EDIT: my bad, I conflated merging with rebasing. Still, I prefer a single squashed commit for most of the reasons above, plus those of the other two commenters (useful git blame output and buildable history).


Oh yeah, rebasing branches as a "merge" policy is definitely tricky like that. (I mean, I'm sure some people do that with and perhaps with good reason, but it makes this kind of stuff clearly worse).


This is fine if its how your team develops but not for everyone. We don't care about full history in branches; maybe it has more detail than main/master but it should still be contextually meaningful. I'd never approve a commit into main with the message "merging PR #xxx" either; it's redundant (merging), has no summary about what it actually does and relies on an external system (your PR/MR process) for details. I do agree that keeping noise out of your main is key, but would go even further than you to keep it clean AND self-contained.

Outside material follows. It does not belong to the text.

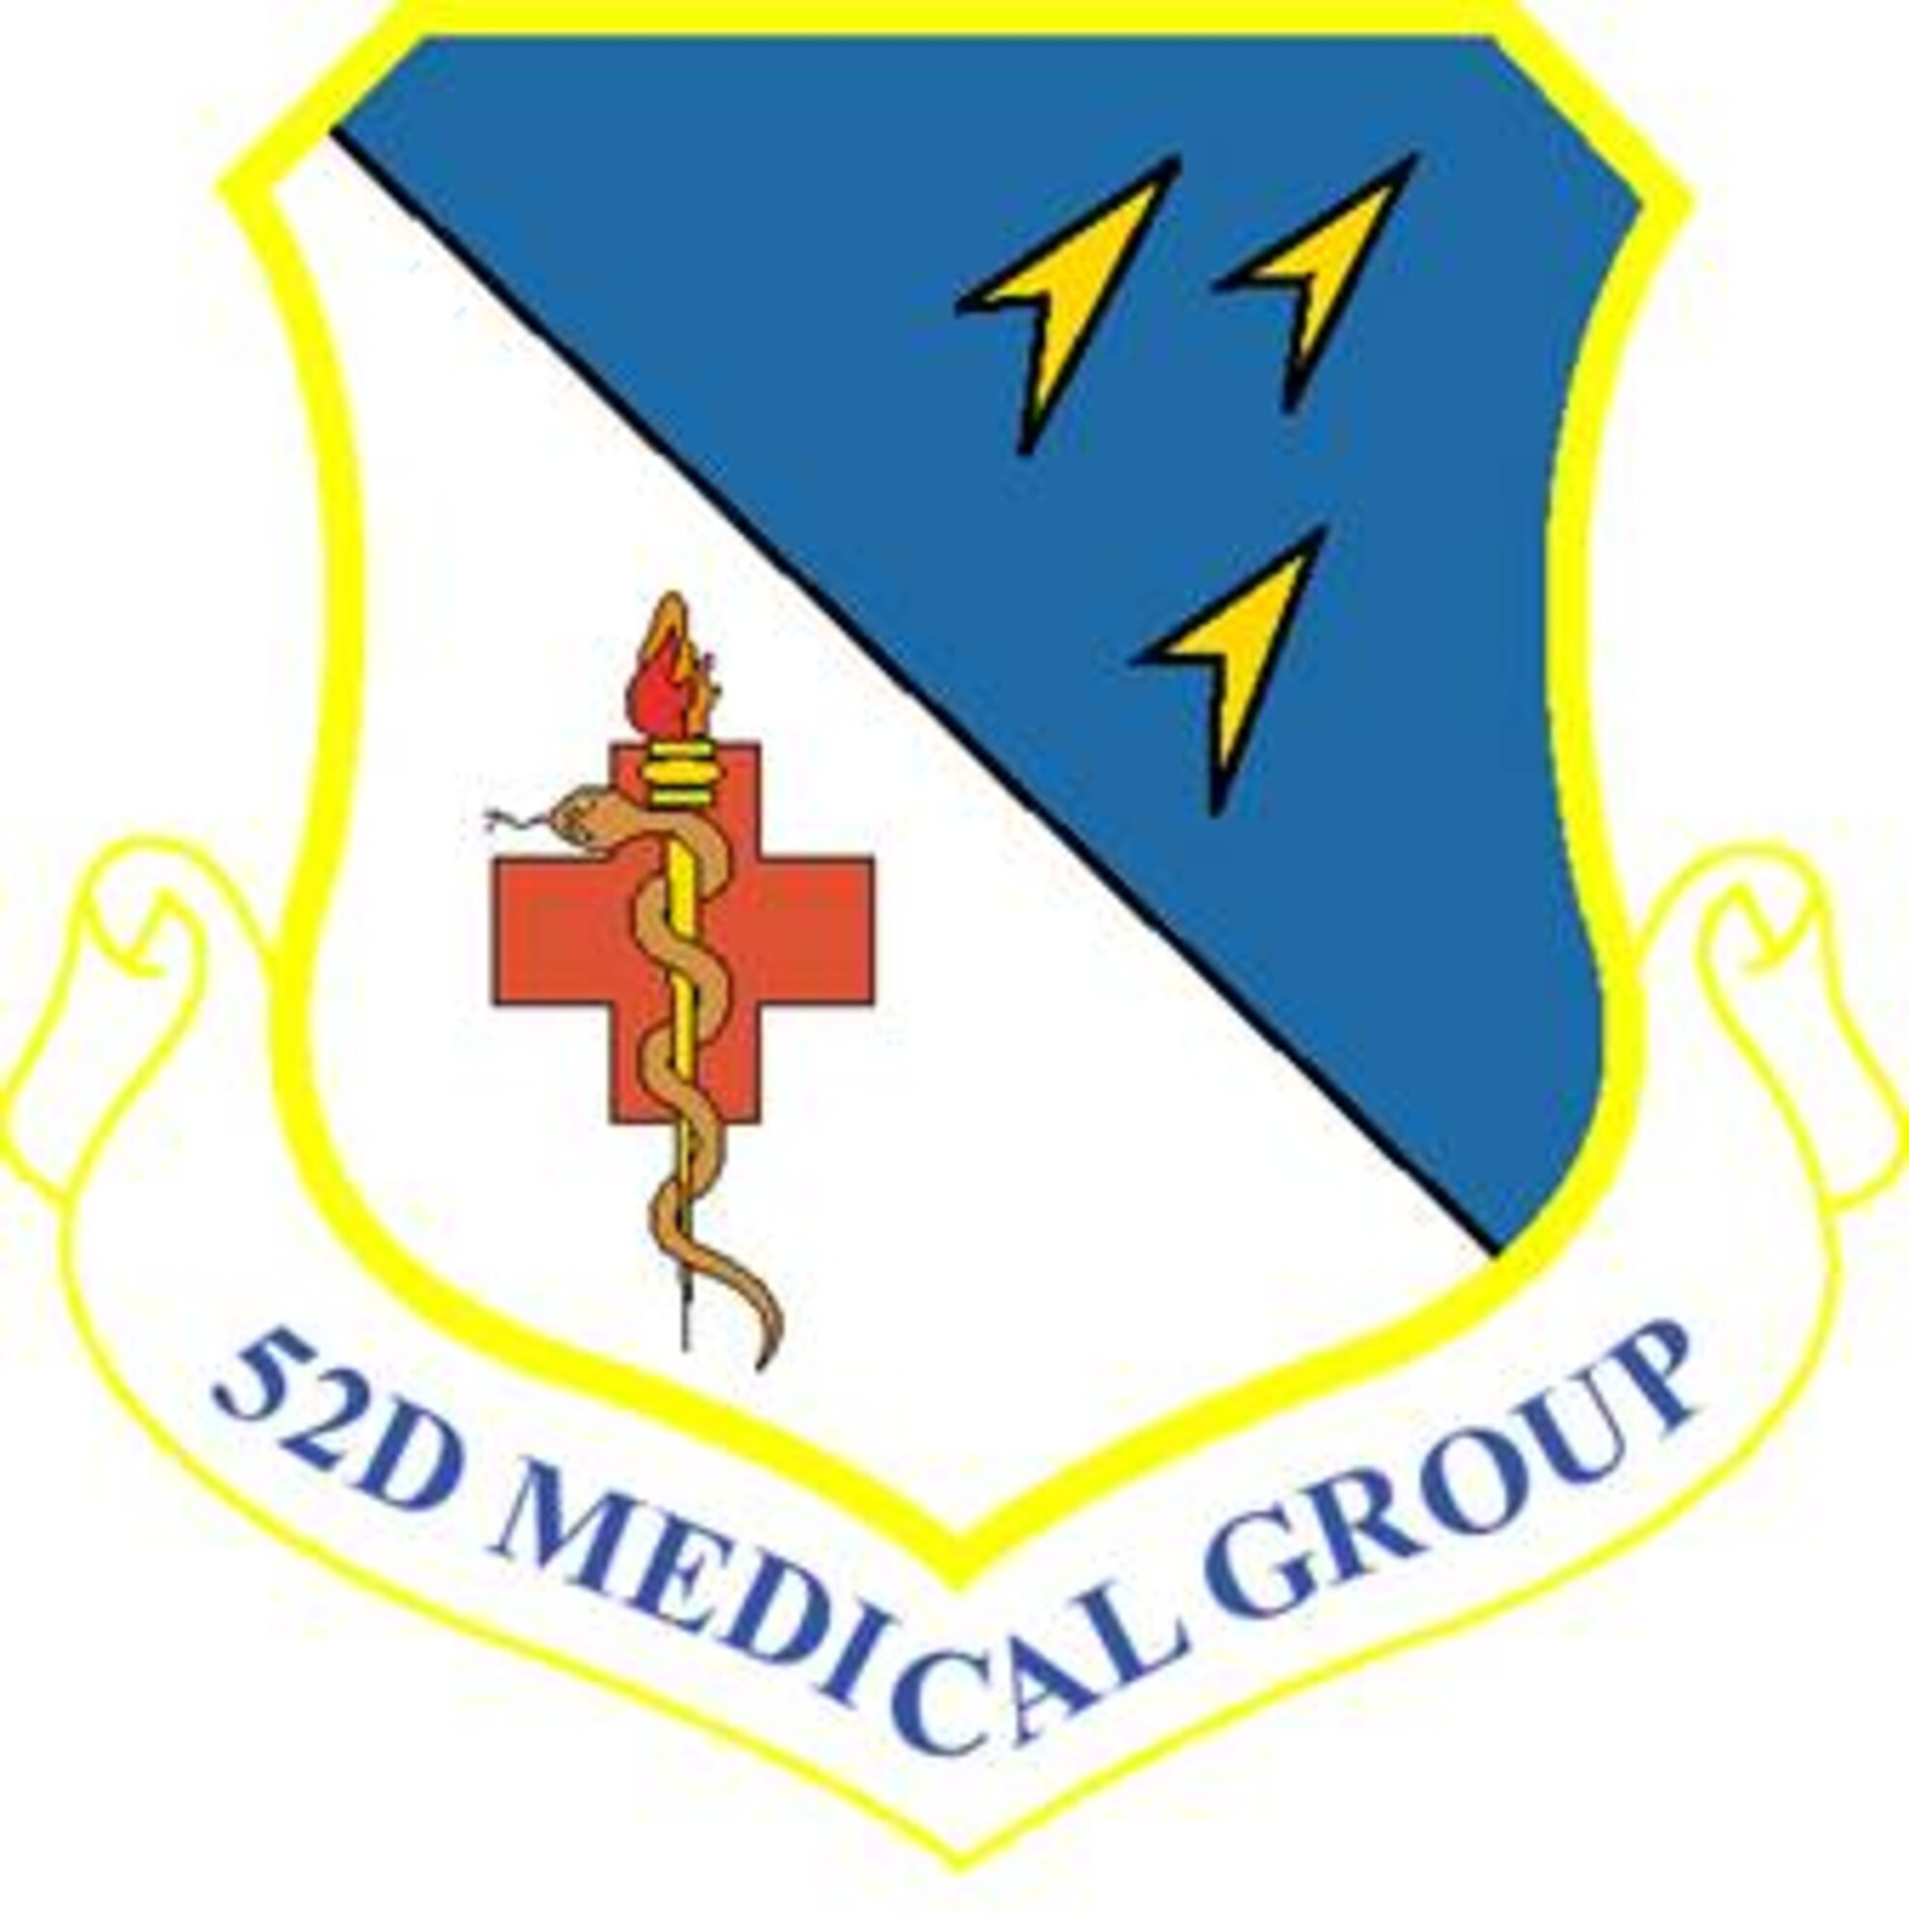 52nd Medical Group patch

Well sure, the title was just an example. It usually is more like this:

"Encrypt project's sensitive fields (#1234)"

With the number being a PR or an issue # (which does contain a link to the PR).

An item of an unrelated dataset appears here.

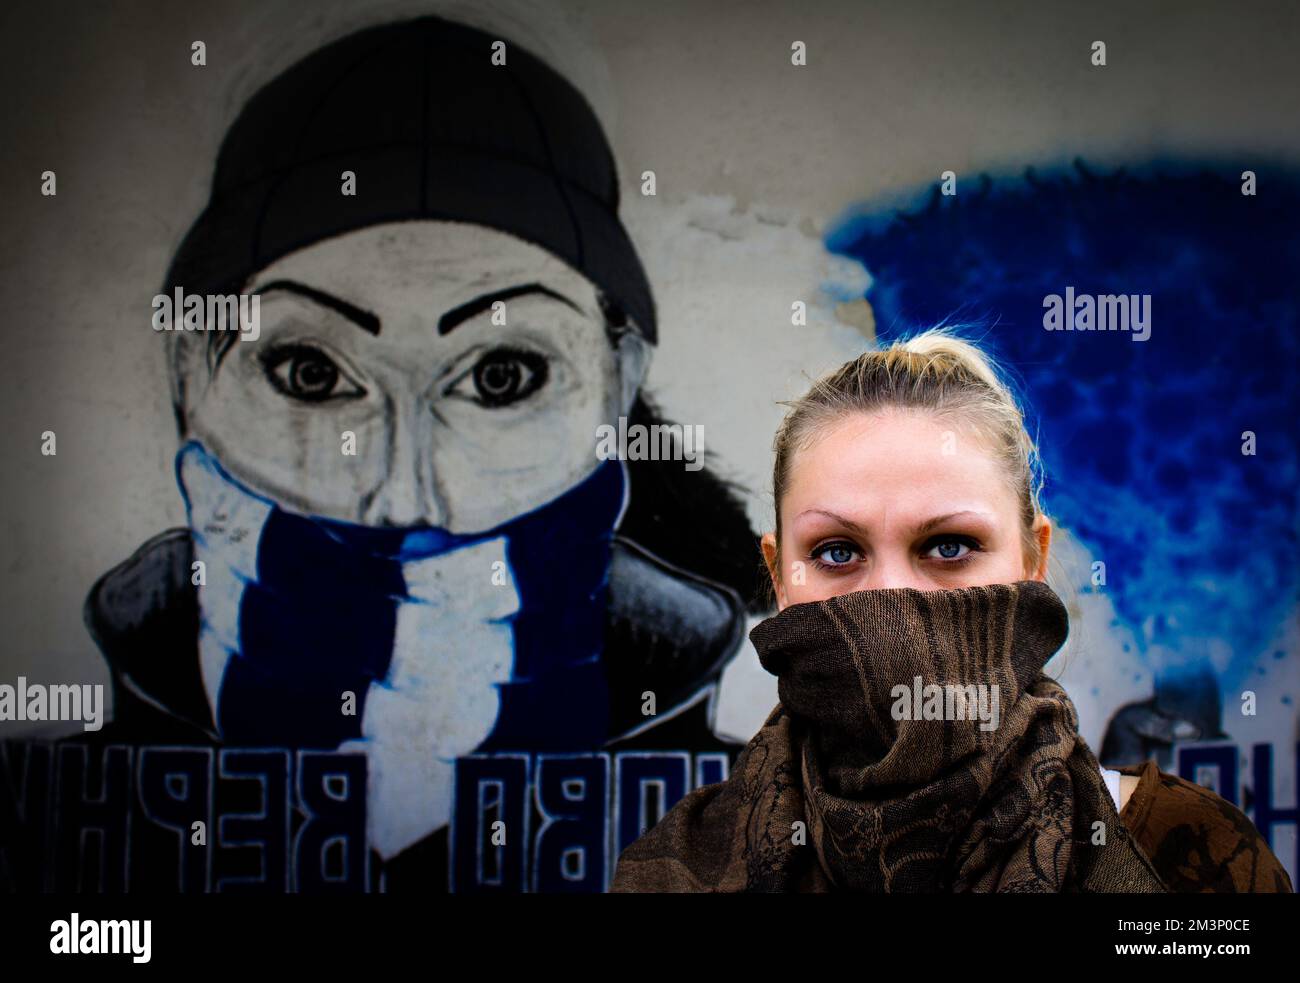 A young female with a mask standing near street art that looks like her in Kumanovo, Macedonia Stock Photo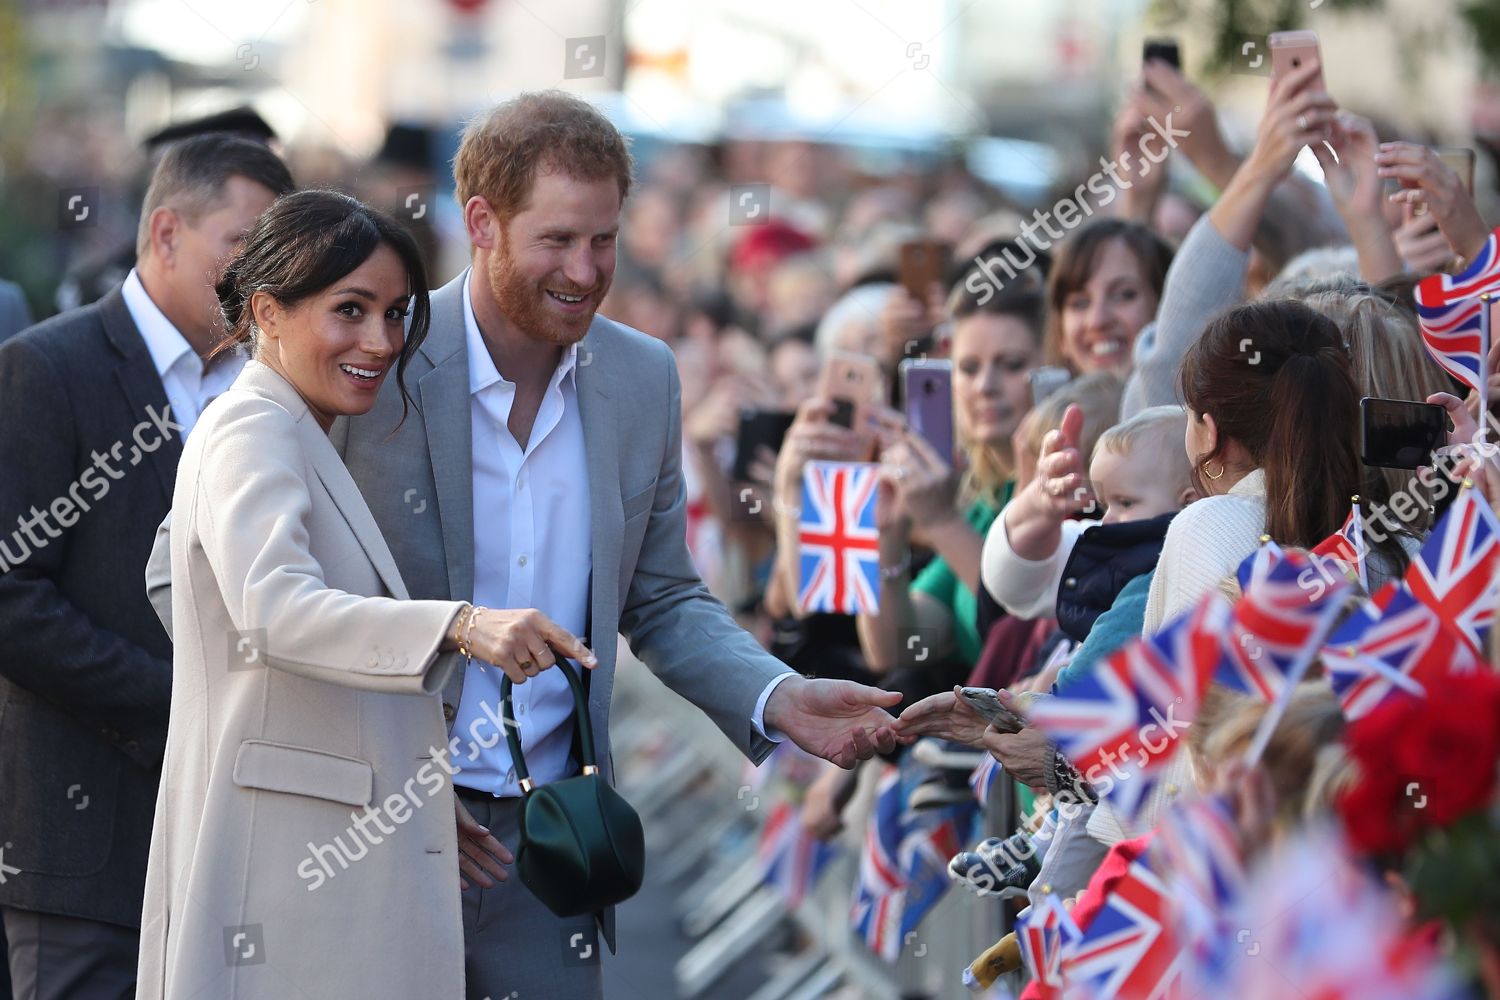 prince-harry-and-meghan-duchess-of-sussex-visit-to-sussex-uk-shutterstock-editorial-9912829o.jpg

I do care about history in branches though. And many others do. I agree that it varies from team to team.


greater detail can ultimately lead to less information if noisy commits crowd out the important ones. IME you want a commit to mean something and that usually leads to tweaking the work/change/commit relationship, which is where squashing helps.


I want to be able to tell why a given line of code was introduced. Seeing "Fix indentation" in the output of `git blame` won't help me with that.


I also want to be able to tell _why_ which is why I dislike working on codebases that squash commmits. Too many times I've done a blame to see why a change was made, and it's a giant (> 10) list of commit messages. Oftentimes, the macro description of what was going on does not help me with the line-level detail.

Also, in case it helps you in the future, `blame -wC` is what I use when doing blame; it ignores whitespace changes and tracks changes across files (changes happened before a rename, for example.)


Neither does squashing though: you still can't tell if that line was introduced or modified.

I've come across "fix indentation" or "fix typo" commits where a bug was introduced, like someone accidentally comitted a change (maybe they were debugging something, or just accidentally modified it).

For example: I'm tracing a bug where a value isn't staying cached. I find a line of code DefaultCacheAge=10 (which looks way too short) and git blame shows the last change was modifying that value from 86400. What I do next will be very different if the commit message says "fix indentation" vs "added new foobar feature" or "reduced default cache time for (reason)".


git blame --first-parent


I agree with you that such a commit has nothing to do in the main branch. But it has nothing it do in any branch that is shared with anyone either. Git has enough ways to keep your own history clean at all times to not require a hack like squash PRs to compensate the lack of discipline of a team. With squash PRs you lose so much valuable information that it gets impossible to use commands like bisect or to have a proper context on a blame.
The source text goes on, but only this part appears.